Я наклоняюсь и целую его:
– Ты даже не представляешь как!
Это то, что кажется правильным.
Глава 7
Монте
Я не рассчитывал так быстро вытащить Агонию из ресторана. Я вовсе не собирался затаскивать ее в постель до ужина, но как только она подошла ко мне, все пошло прахом! С тех пор мой член стал твердым, и этот поцелуй, поцелуй сводящий меня с ума, сделал все намного сложнее!
Все пятнадцать минут поездки до ее дома я водил рукой по ее бедру, медленно поднимаясь и дразня ее нежную кожу. Единственным звуком в моей машине были ее тихие вздохи каждый раз, когда моя рука приближалась к ее лону.
Еще до того, как моя машина полностью остановилась, Агония выскочила из пассажирской двери и побежала вокруг машины ко мне. Никогда не встречал кого-то настолько нетерпеливого, но сейчас мне было все равно. Сейчас я тоже сгорал от желания.

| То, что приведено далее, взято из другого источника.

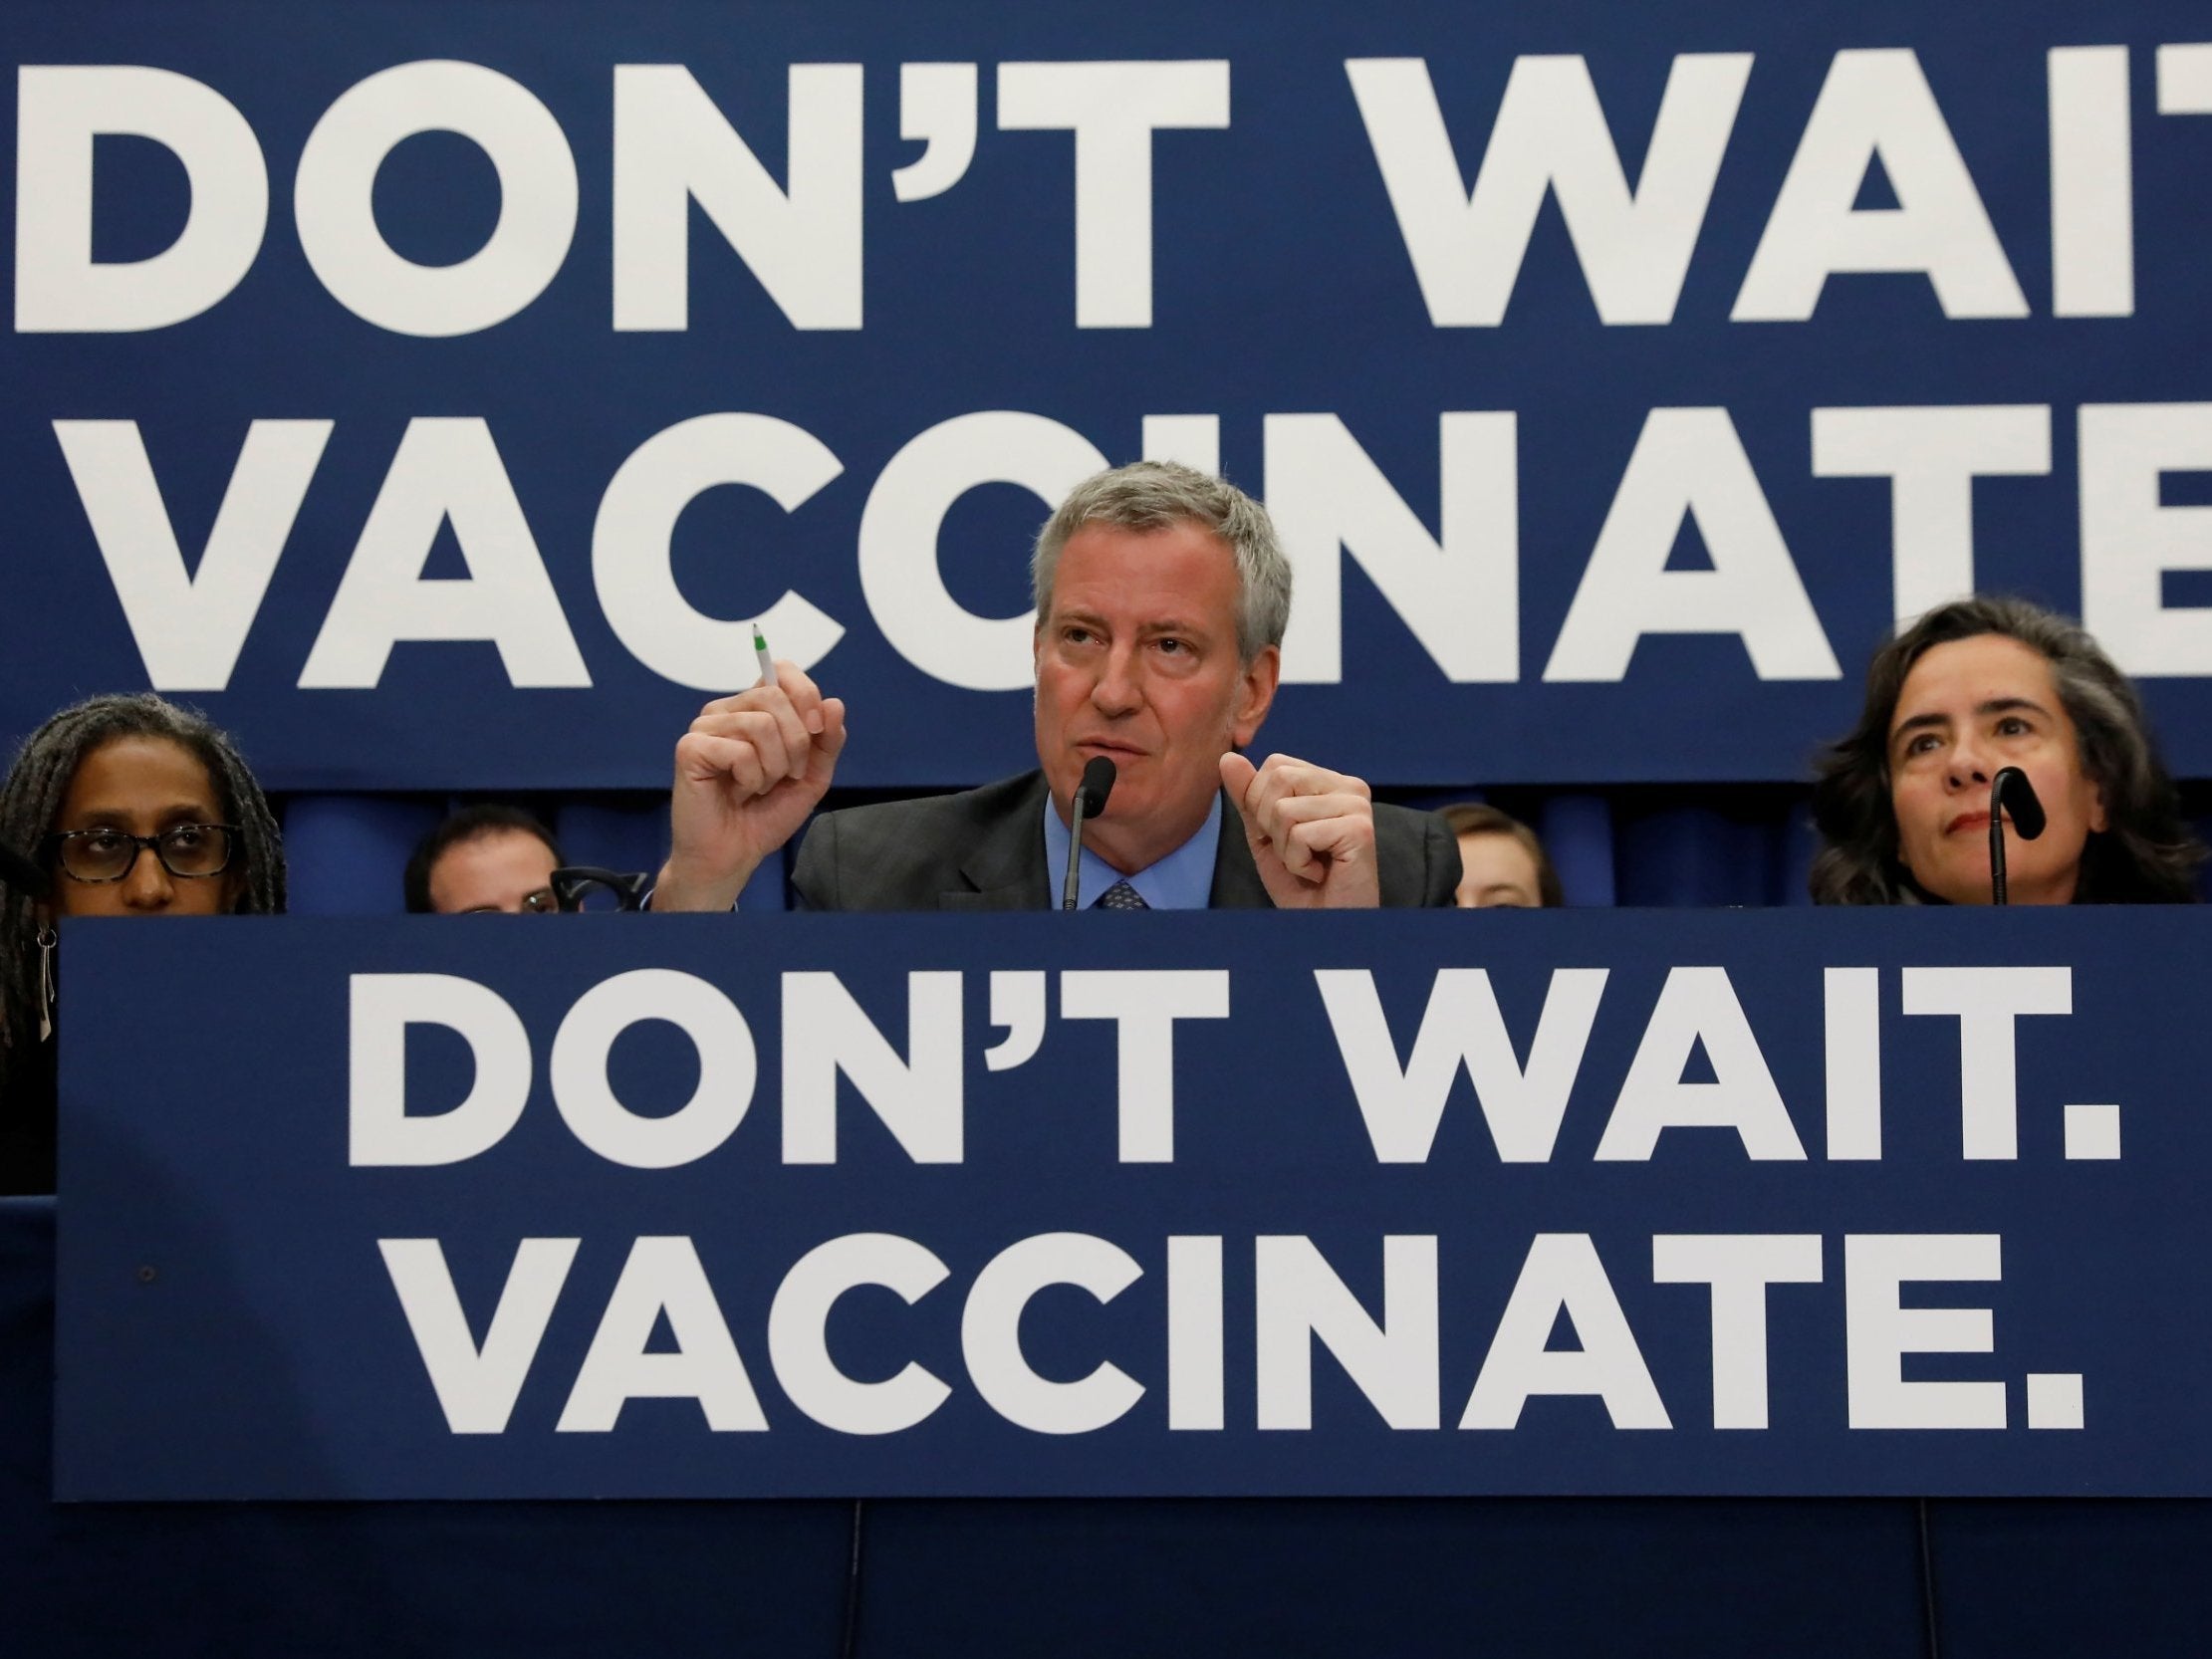 New York City Mayor Bill de Blasio speaks during a news conference declaring a public health emergency in parts of Brooklyn in response to a measles outbreak, requiring non-vaccinated people living in affected areas to get the vaccine or face fines, in the Orthodox Jewish community of the Williamsburg neighborhood, Brooklyn, New York City, US, 9 April 2019.

Агония тащит меня по короткой дорожке к двери и пытается открыть ее дрожащими руками. Она, кажется, нервничает, но я ничего не говорю. Не желая портить настроение. Открыв дверь, она сразу же сжимает в кулаке мою рубашку и тянет меня внутрь.
Какой бы сексуальной мне ни казалась ее напористость, я решаю взять инициативу на себя. Развернув, я толкаю ее к двери. Приподнимаю пальцем ее подбородок и целую в губы. Вместо того чтобы отдаться страсти, как мы делали в ресторане, я целую ее медленно. Наслаждаясь вкусом ее губ, запахом ее кожи.
Я позволил своим рукам блуждать по ее восхитительному телу и упиваться звуком ее стонов. Агония поднимает руки и вцепляется в мои волосы, углубляя поцелуй.
Сейчас самое время проявить решительность!
Я хватаю ее за ноги, закидываю их себе на талию и кружу. Ни разу не прервав наш поцелуй. Подойдя к дивану, осторожно укладываю ее. Она отстраняется, пытаясь отдышаться. Но я не даю ей времени прийти в себя. Начинаю медленно покрывать ее шею мягкими, соблазнительными поцелуями. Порой покусывая и облизывая ее кожу, заставляя Агонию извиваться подо мной.
– Монте, – шепчет она. Ее голос полон похоти, и это звук чистого экстаза.
– Ты самая уникальная девушка, которую я когда-либо встречал, Агония. Мне так не терпится исследовать каждую твою частичку, изнутри и снаружи. Я не хочу, чтобы хоть что-то осталось нетронутым.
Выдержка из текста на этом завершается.